Task instructions: Quote exactly and only this range of lines in the data below: the line that holds "It's been a" to the line that holds "strategic road map", both included.

Supplied entries:
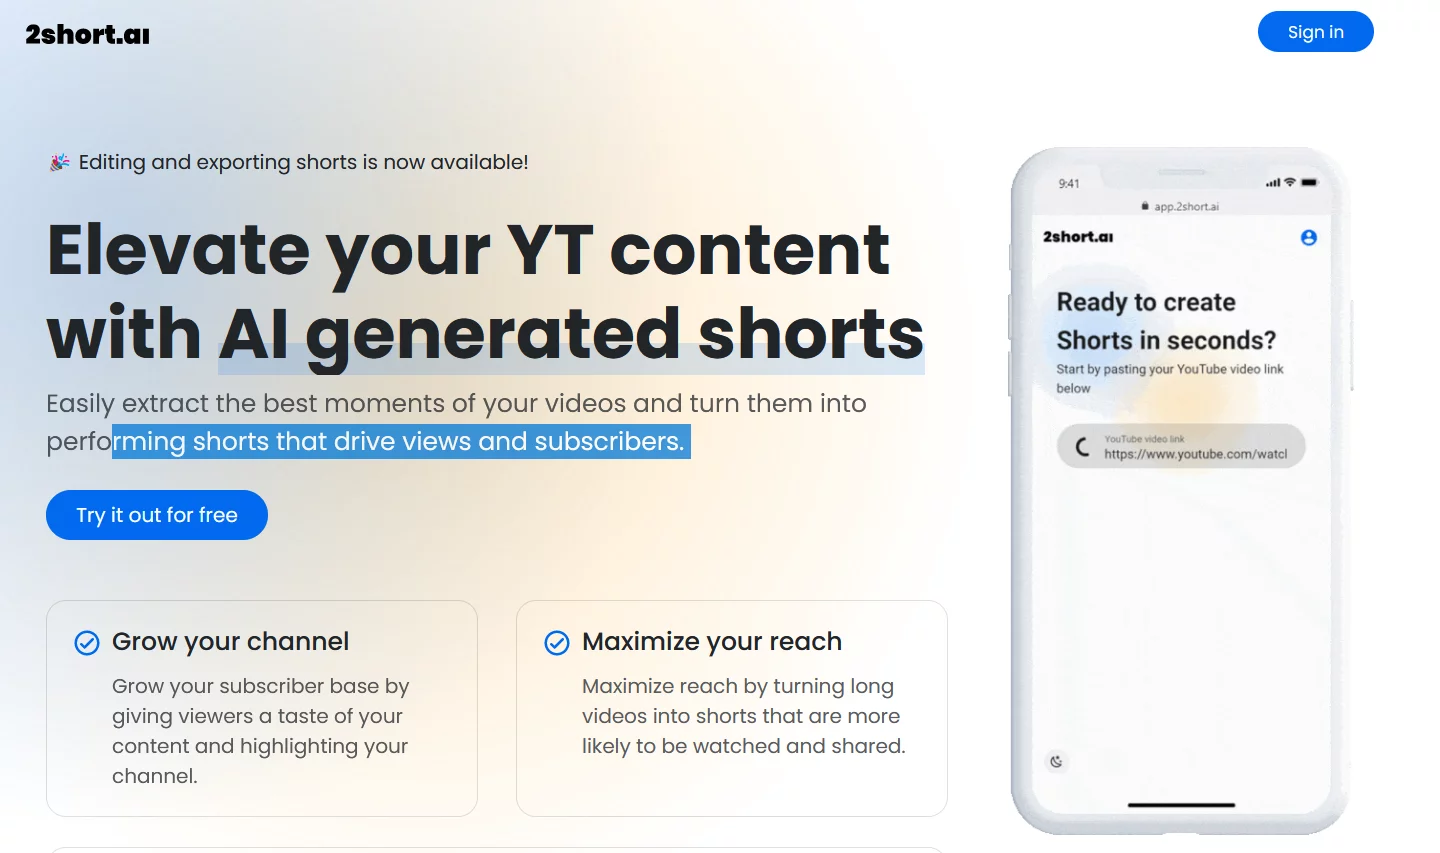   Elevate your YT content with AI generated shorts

==

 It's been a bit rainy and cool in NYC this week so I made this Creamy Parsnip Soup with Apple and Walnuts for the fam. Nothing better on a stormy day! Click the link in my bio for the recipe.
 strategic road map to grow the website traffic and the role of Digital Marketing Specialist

Solution:
 It's been a bit rainy and cool in NYC this week so I made this Creamy Parsnip Soup with Apple and Walnuts for the fam. Nothing better on a stormy day! Click the link in my bio for the recipe.
 strategic road map to grow the website traffic and the role of Digital Marketing Specialist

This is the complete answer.